Schwungvoll aufs nächste Level

Christin Hussong ist in der europäischen Spitze angekommen. In rasantem Tempo. Ambitioniert erschien ihr Anfang des Jahres formuliertes Ziel: EM-Teilnahme. Zwar war klar, dass durch die Babypause von Weltmeisterin Christina Obergföll ein Platz im deutschen Aufgebot für die EM in Zürich frei würde.

Doch die Speerwurfkonkurrenz bei den deutschen Frauen ist groß, die geforderte EM-Norm von 60,50 Metern hatte die 20-jährige zum damaligen Zeitpunkt noch nie geworfen. Doch das ehrgeizige und erfolgreiche Duo aus Christin und Vater sowie Trainer Udo Hussong arbeitet zielstrebig auf das Großereignis hin. Umfang und Intensität des Trainings wurden im ersten Jahr als Aktive erhöht, an der Technik der U20-Vizeeuropameisterin gefeilt. Mit zahlreichen Würfen nah an die 60er Marke heran präsentiert sich im Sommer die Herschbergerin, die Ende 2012 aufgrund der besseren Trainingsmöglichkeiten ihren Wechsel von Thaleischweiler zum LAZ Zweibrücken vollzog. Dann geht plötzlich alles sehr schnell, sehr weit. Nachdem Hussong ihre drei Jahre alte Bestleistung steigert, knackt die Biologie- und Sportstudentin im Juni die magische 60er Marke. Mitte Juli pulverisiert sie beim Sieg in Luzern mit 63,34 Metern die EM-Norm - überrascht sich mit diesem Wurf gar ein bisschen selbst. Katapultiert sich in der Weltjahresbestenliste unter die Top Ten, auf Rang fünf in Europa. Das EM-Ticket damit so gut wie in der Tasche, macht Hussong dieses mit Bronze bei ihrer zweiten Deutschen Aktivenmeisterschaft perfekt. Scheinbar locker purzeln die Bestweiten.

Bei der EM in Zürich sind es nicht Stabhochsprung-Weltmeister Raphael Holzdeppe und Kristina Gadschiew (Achillessehnenabriss), die im Rampenlicht stehen. Als eine der jüngsten Athletinnen des deutschen Aufgebots vertritt Christin Hussong überraschend als einzige LAZ-Sportlerin die Farben Deutschlands. Das aber mit Bravour. Als beste Deutsche wirft sie sich mit ihrem zweitbesten Wurf der Karriere (61,13m) unbekümmert ins Finale. Zwar wird die 20-Jährige nicht ganz zufrieden sein mit ihrer dort erzielten Weite, doch mit Platz sieben hat Hussong nicht nur ihr Ziel erreicht, zwei Auftritte im Letzigrundstadion hinlegen zu dürfen, sondern wirft sich unter die besten Acht Europas, lässt mit Katharina Molitor eine der deutschen Spitzenwerferinnen hinter sich. Eine Belohnung für die harte Trainingsarbeit, die Entbehrungen - und Motivation, genau so weiterzumachen.

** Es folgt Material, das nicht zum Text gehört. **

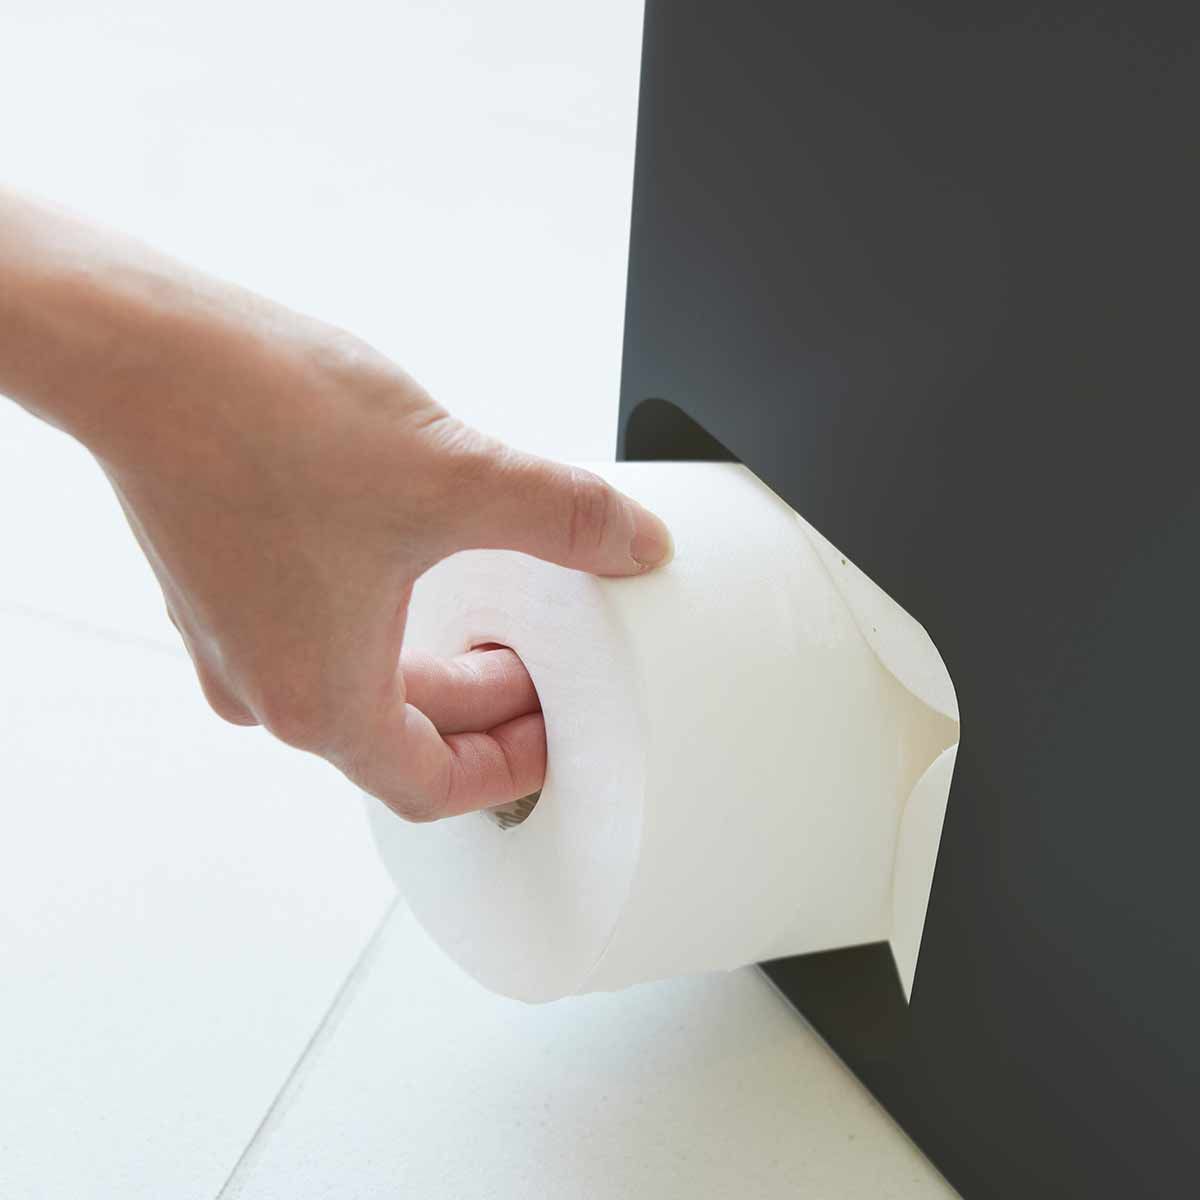 Meuble papier toilette - Shop Triple-D l Du mobilier pour les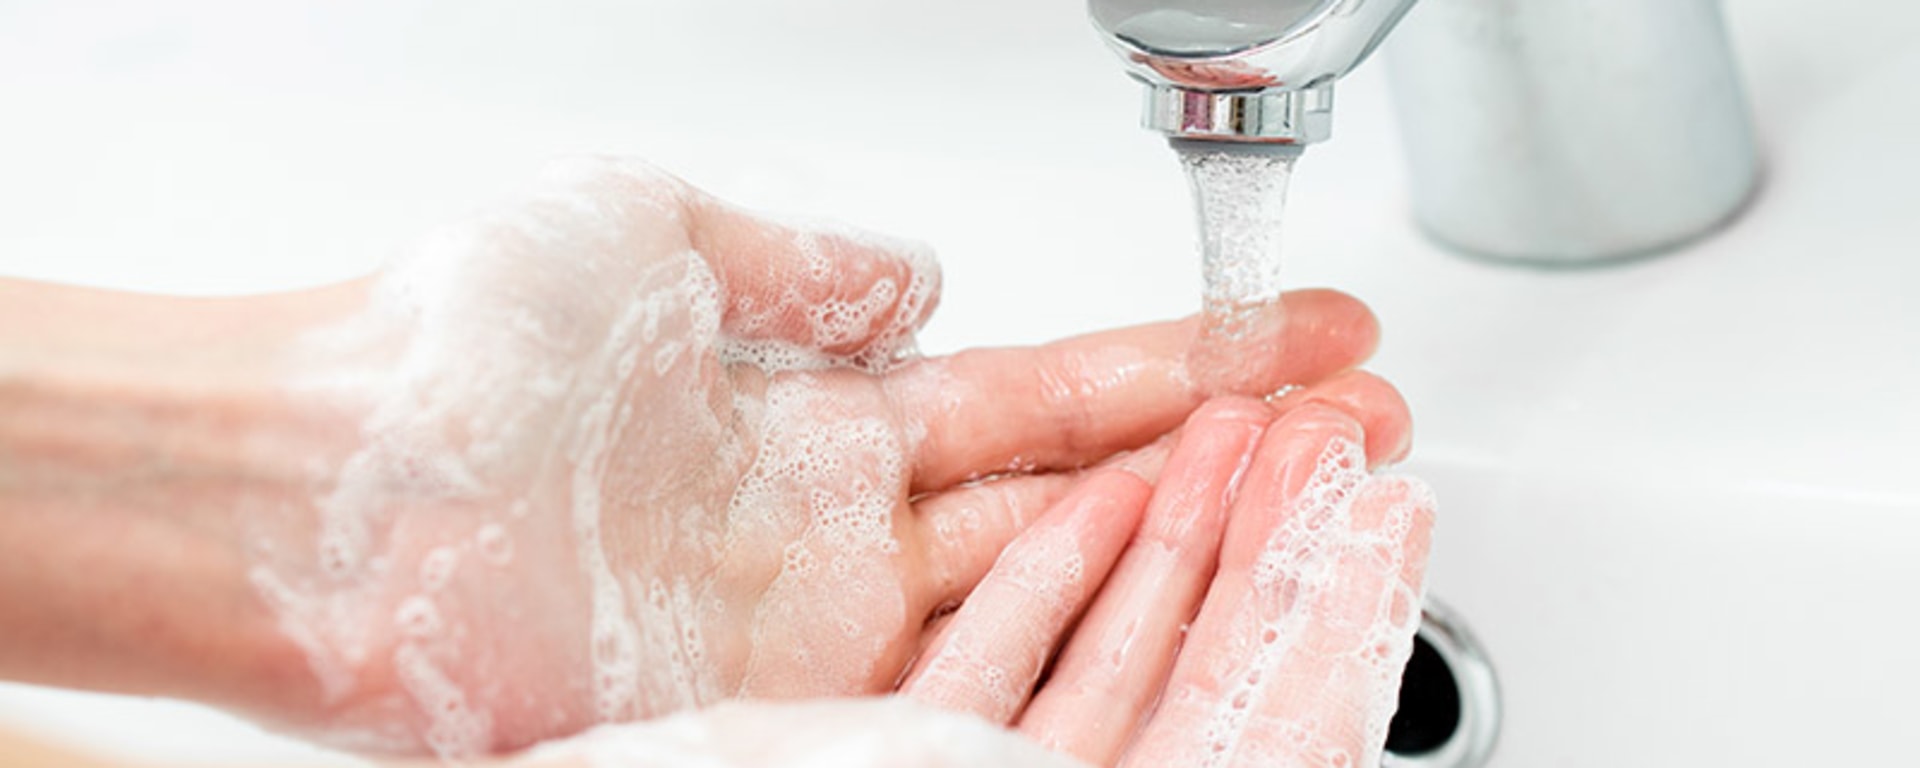 Eine Person wäscht sich die Hände mit einer Seife, die Corona visrus symbolisiert.

Es ist eine Sache, große Erfolge im Juniorenbereich zu feiern. Auch hierfür sind Talent, gepaart mit Trainingsfleiß, Durchhaltevermögen und Ehrgeiz gefragt. Doch nicht immer gelingt Sportlern der Transfer dieser Erfolge und guten Leistungen in den Aktivenbereich. Christin Hussong ist dieser Sprung aufs nächste Level mit Leichtigkeit gelungen. Sie überzeugt bei ihrem ersten internationalen Großereignis der Aktiven nicht nur mit ihrer sportlichen Hochleistung, die junge Pfälzerin verkauft sich vor der für sie ungewohnt hohen Anzahl an Zuschauern, Kameras und in ihren Interviews als eine sympathische, talentierte Nachwuchsathletin, die für die Zukunft hoffen lässt.

Wird der zielstrebige Weg von Vater und Tochter Hussong so weitergeführt, braucht sich Christin auch bei der Rückkehr von Christina Obergföll im nationalen Vergleich mit den anderen Athletinnen nicht zu verstecken. Und kann ihrem Traum Richtung Rio 2016 weiter mit großen und mutigen Schritten entgegengehen.